Introduction
A sphere is a perfectly round 3D shape where every point on its surface is the same distance from the center. To find the volume of a sphere, you use the formula V = (4/3)πr³, where r is the radius. This tells you how much space the sphere takes up inside.
This Sphere Volume Calculator makes it easy to find the volume of a full sphere, a hemisphere (half sphere), or a spherical cap (a slice of a sphere). Just enter one value you know — like the radius, diameter, circumference, or volume — and the tool figures out everything else for you right away. It shows the surface area, gives you step-by-step work, converts between units, and even displays a bar chart so you can compare volumes side by side. Whether you're solving a geometry homework problem, working on a science project, or planning a real-world build, this calculator saves you time and helps you get accurate answers fast.
How to Use Our Sphere Volume Calculator
Enter a single known measurement for your sphere, and this calculator will find the volume along with all other dimensions, surface area, and step-by-step solutions. It supports three modes: Full Sphere, Hemisphere, and Spherical Cap.
Mode Selection: Pick the shape you want to calculate. Choose Full Sphere for a complete round ball, Hemisphere for half a sphere, or Spherical Cap for a dome-shaped slice cut from a sphere.
Radius (r): Type in the radius of your sphere, which is the distance from the center to any point on the surface. Select your preferred unit of measurement from the dropdown menu next to the input field. If you enter the radius, the calculator will fill in all other values for you.
Diameter (d): Enter the diameter if that is what you know. The diameter is the full distance across the sphere through its center, which is always twice the radius. The calculator will use this to find the radius and all remaining values.
Circumference (C): Type in the circumference if you have measured the distance around the widest part of the sphere. The tool will work backward from this number to find the radius, then compute the volume and surface area.
Volume (V): If you already know the volume, enter it here and the calculator will solve for the radius, diameter, circumference, and surface area. Choose your volume unit from the dropdown, such as cubic centimeters, liters, or cubic inches.
Sphere Radius – R (Spherical Cap mode): When using the Spherical Cap calculator, enter the radius of the full sphere that the cap was cut from. This is not the same as the base radius of the cap itself.

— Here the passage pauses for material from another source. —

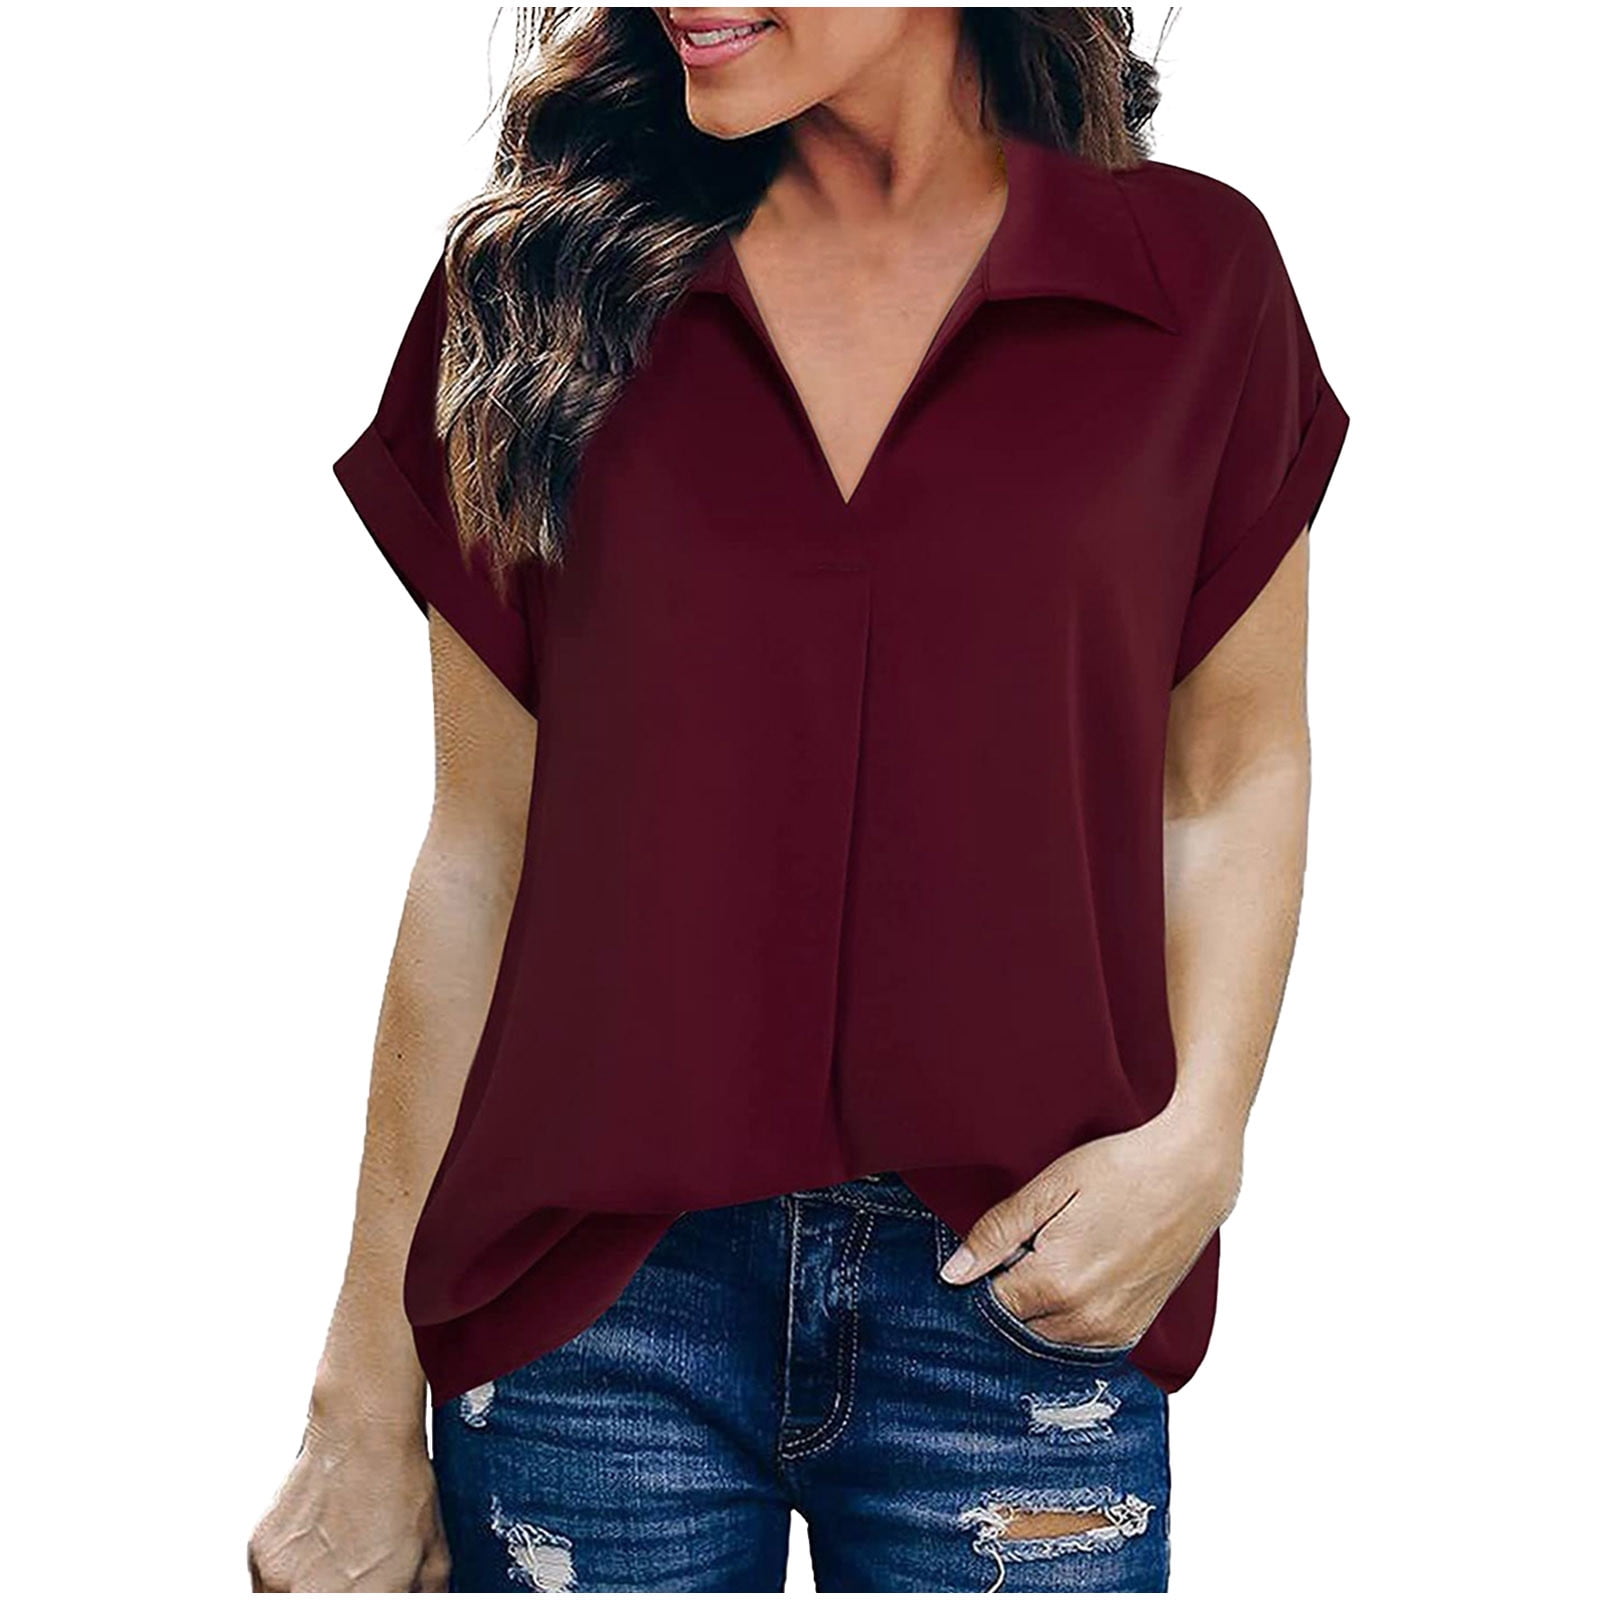 Dressy Tops for Women Business Casual Vintage Plain Color Short Sleeve  Shirts Summer Fashion Thin Lapel V Neck T-Shirts 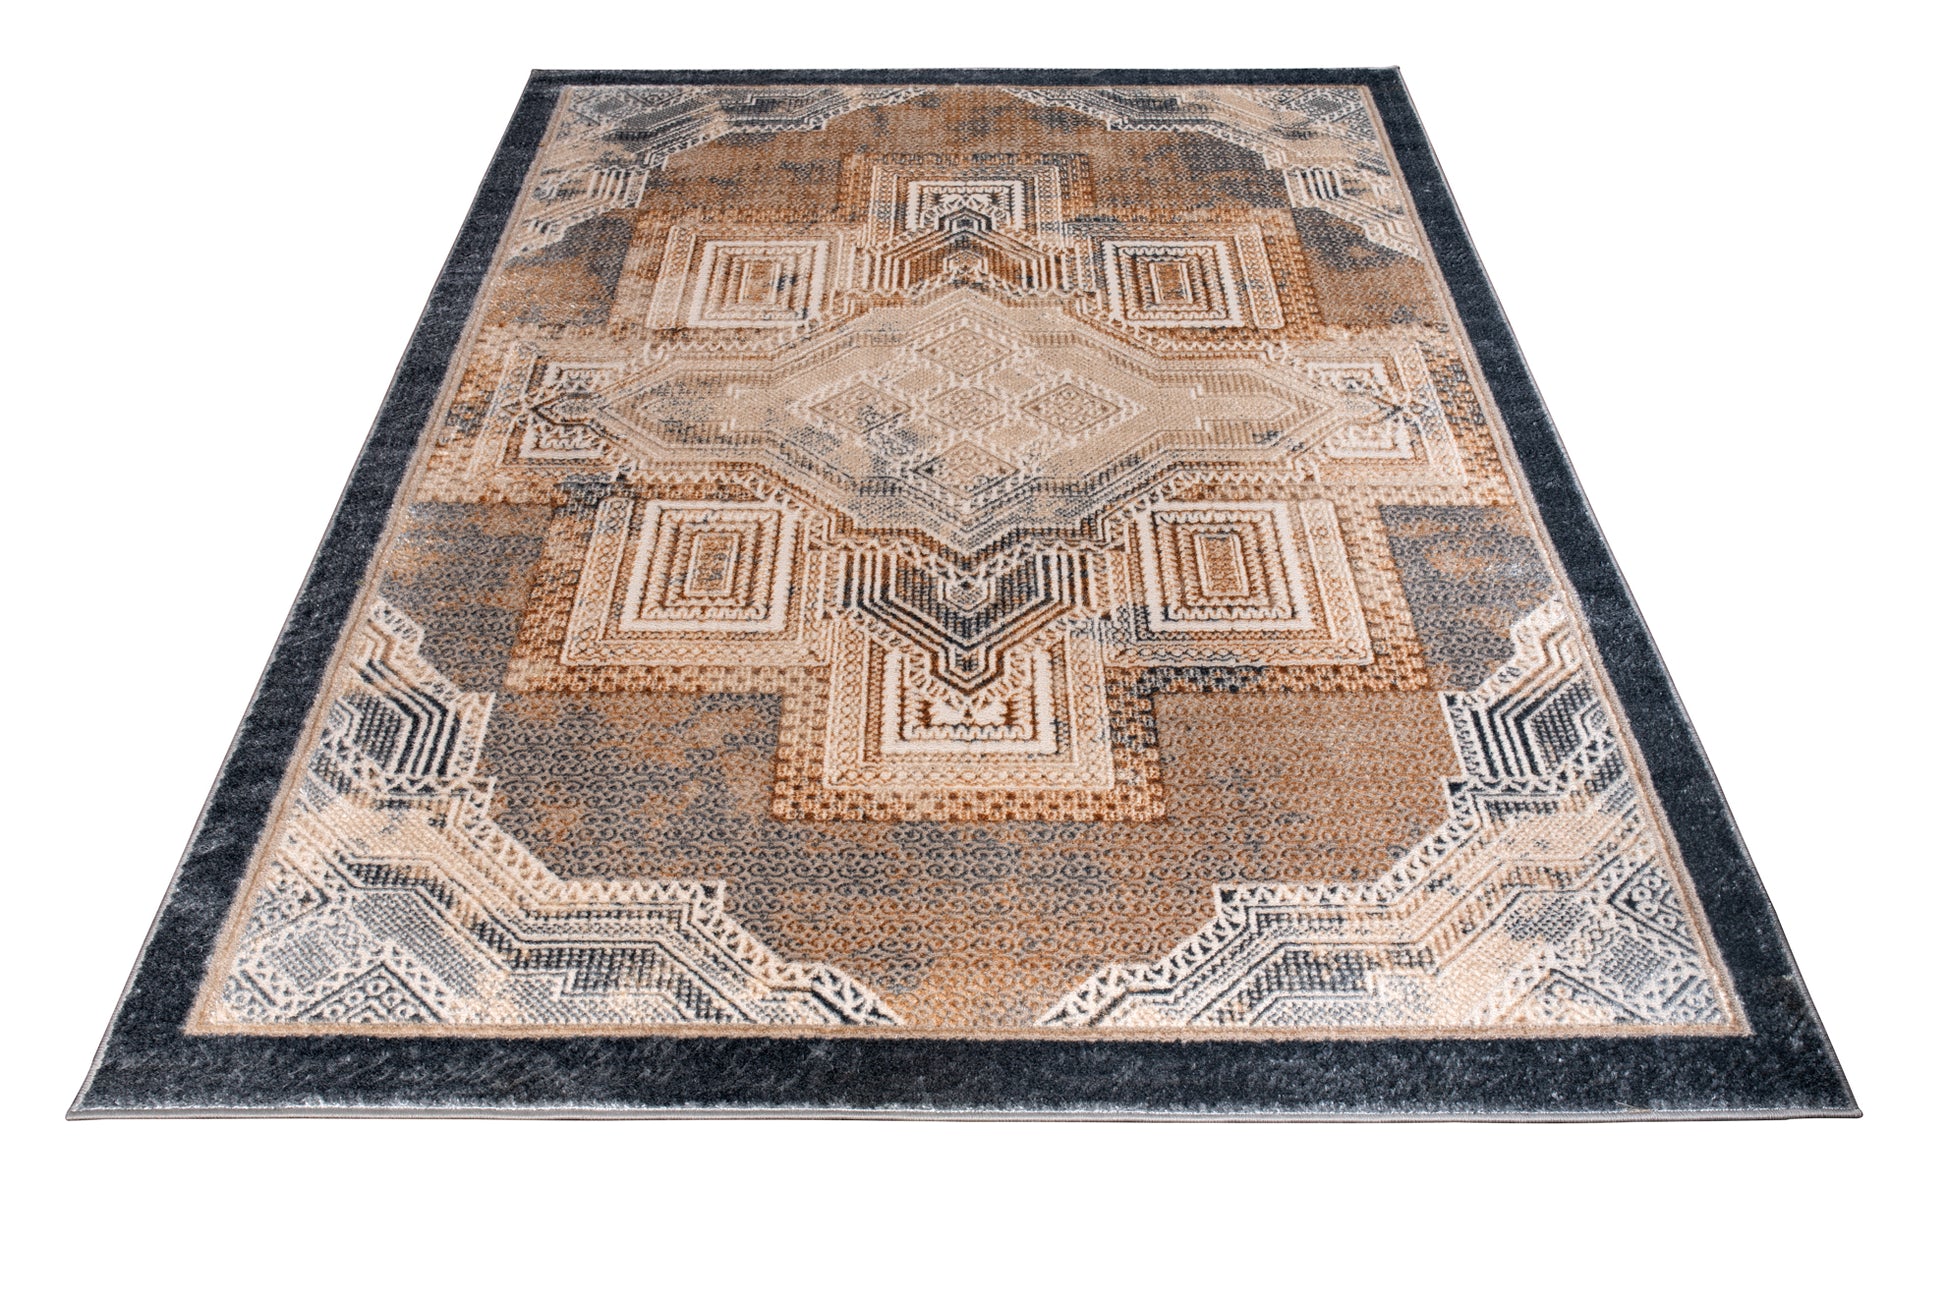 beige brown silver grey metalic traditional geometric contemporary area rug 6x8, 6x9 ft Living Room, Bedroom, Dining Area, Kitchen Carpet

Cap Height – h (Spherical Cap mode): Enter the height of the cap, which is the distance from the flat base of the cap straight up to its highest point. This value must be less than or equal to the full diameter (2R) of the sphere.
Unit Dropdowns: Each input field has a unit selector next to it. You can choose different units for each field, such as centimeters for the radius and inches for the diameter. The calculator handles all conversions automatically.
Results Section: After you enter a value, the results box displays the radius, diameter, circumference, surface area, and volume all at once. A step-by-step solution below it shows every formula and calculation so you can follow along or check your own work.
Volume Comparison Chart: A bar chart at the bottom compares the volumes of the Full Sphere, Hemisphere, and Spherical Cap side by side in cubic centimeters, making it easy to see how they relate to each other.
Quick Conversion Reference: At the very bottom, the calculator shows your current volume converted into liters and US gallons for a fast and helpful reference.
Sphere Volume Calculator
The volume of a sphere is the amount of space inside it. A sphere is a perfectly round 3D shape — like a basketball, a marble, or the Earth. Every point on its surface is the same distance from the center, and that distance is called the radius. To find how much space a sphere takes up, you use the formula V = (4/3)πr³, where r is the radius and π (pi) is approximately 3.14159.
How the Formula Works
The formula tells you to cube the radius (multiply it by itself three times), then multiply by π, and finally multiply by 4/3. For example, if a sphere has a radius of 5 cm, the volume is (4/3) × π × 5³ = (4/3) × π × 125 ≈ 523.6 cubic centimeters. That means about 523.6 tiny cubes, each 1 cm on every side, could fit inside the sphere. If you need help working with exponents in the formula, our Exponent Calculator can assist.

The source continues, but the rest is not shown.